Попытки сделать это не удавались ни англичанам, которые разведывали Северо-восточный путь еще в XVI веке, ни голландцу Виллему Баренцу - он трижды пытался совершить такое плавание в самом конце того же XVI столетия, но каждый раз неудачно. Впрочем, после плаваний Баренца осталась хорошая память о нем - море, названное его именем. И лишь одному человеку суждено было пройти Северо-восточным путем до Русанова - шведскому путешественнику Нилсу Адольфу Норденшельду.

4 июля 1878 года он вышел из Гётеборга на судне "Вега". Оно прошло благополучно почти через все моря Северного Ледовитого океана - в тот год была исключительно благоприятная ледовая обстановка. Но когда до входа в Берингов пролив оставалось только 200 километров, судно все-таки было затерто льдами. Вынужденная зимовка продолжалась десять месяцев. Потом "Вега" вышла в Тихий океан.

Впоследствии, вспоминая тот момент, когда судно, победившее льды, огибало мыс Дежнева, путешественник написал: "Теперь, наконец, достигнута цель, к которой столько наций стремилось... не только без потери жизни кого-либо из путников, но и даже без болезней участников предприятия и без малейшего повреждения на корабле. Кроме того, опыт исполнен при обстоятельствах, которые показывают, что то же дело может совершаться несколько лет подряд, а может быть, и ежегодно в течение нескольких недель".

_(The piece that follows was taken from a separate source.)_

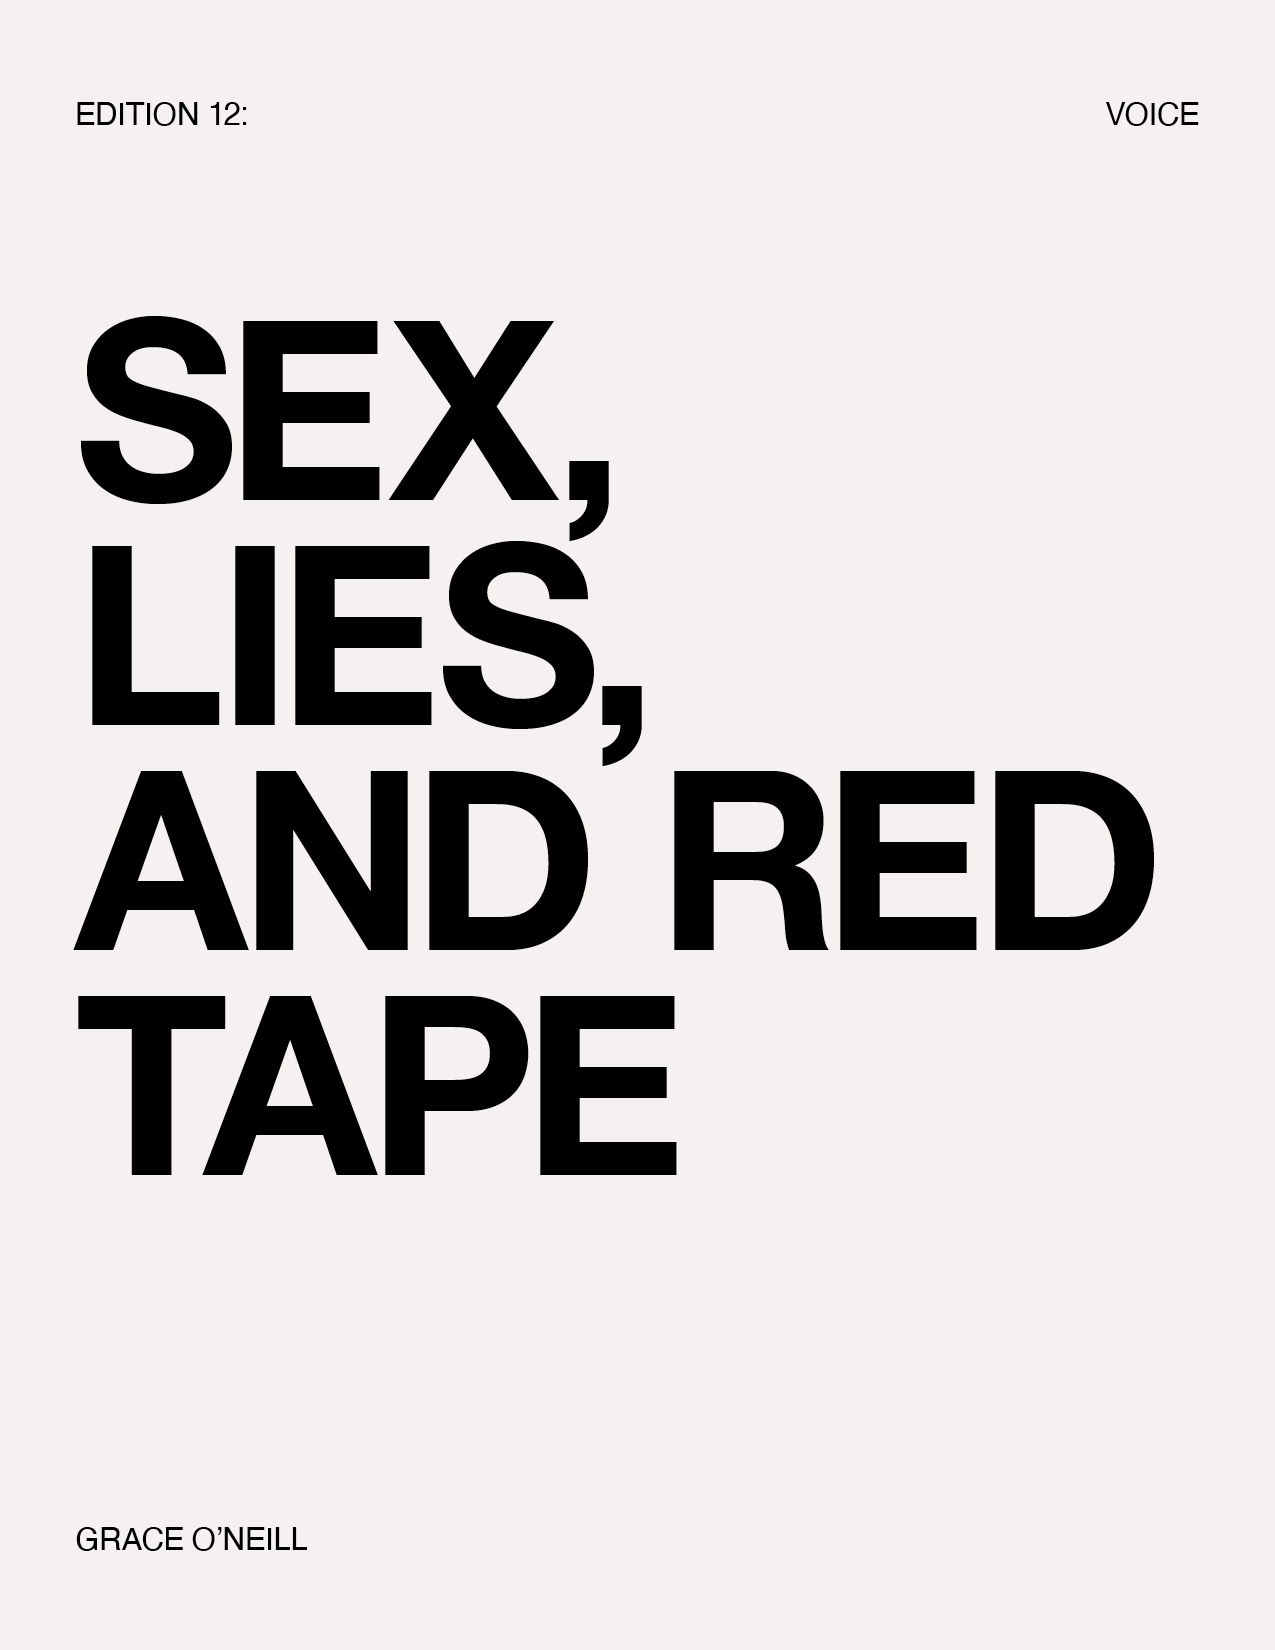 Red Tape Porn - SEX, LIES, AND RED TAPE BY GRACE O'NEILL - SIDE-NOTE

Ежегодно? Да нет, почти 35 лет прошло со времени плавания Норденшельда, и никому больше не удавалось повторить его удачу. В чем тут причина? Русанов, прекрасно понимая важность освоения Северо-восточного пути, считал, что причина неудач кроется в том, что моряки стараются держаться слишком близко к берегу. Он полагал, что ближе к северу океан должен быть меньше загроможден льдами, и написал об этом в своей статье "Возможно ли срочное судоходство между Архангельском и Сибирью". Вывод, казалось бы, нелогичный... Но Русанов считал: где-то около 80° с. ш. в Северном Ледовитом океане есть подводное теплое течение и, значит, льдов там не может быть.

Впрочем, он полностью отдавал себе отчет в том, что пока это лишь гипотеза. Гипотеза будет доказана, когда все предположения будут подтверждены бесспорными доказательствами. И есть только один способ найти доказательства - успешное плавание. Он готовился к этому плаванию даже тогда, когда был занят другими делами.

В 1912 году авторитет Владимира Русанова как полярного исследователя и геолога был очень высок. Именно ему, бывшему политическому ссыльному, русское правительство дало важное поручение - разведать запасы каменного угля на Шпицбергене. Приняв предложение, Русанов отправился в Норвегию, чтобы купить судно для предстоящей экспедиции. Вместе с ним отправился будущий капитан этого судна - Александр Степанович Кучин.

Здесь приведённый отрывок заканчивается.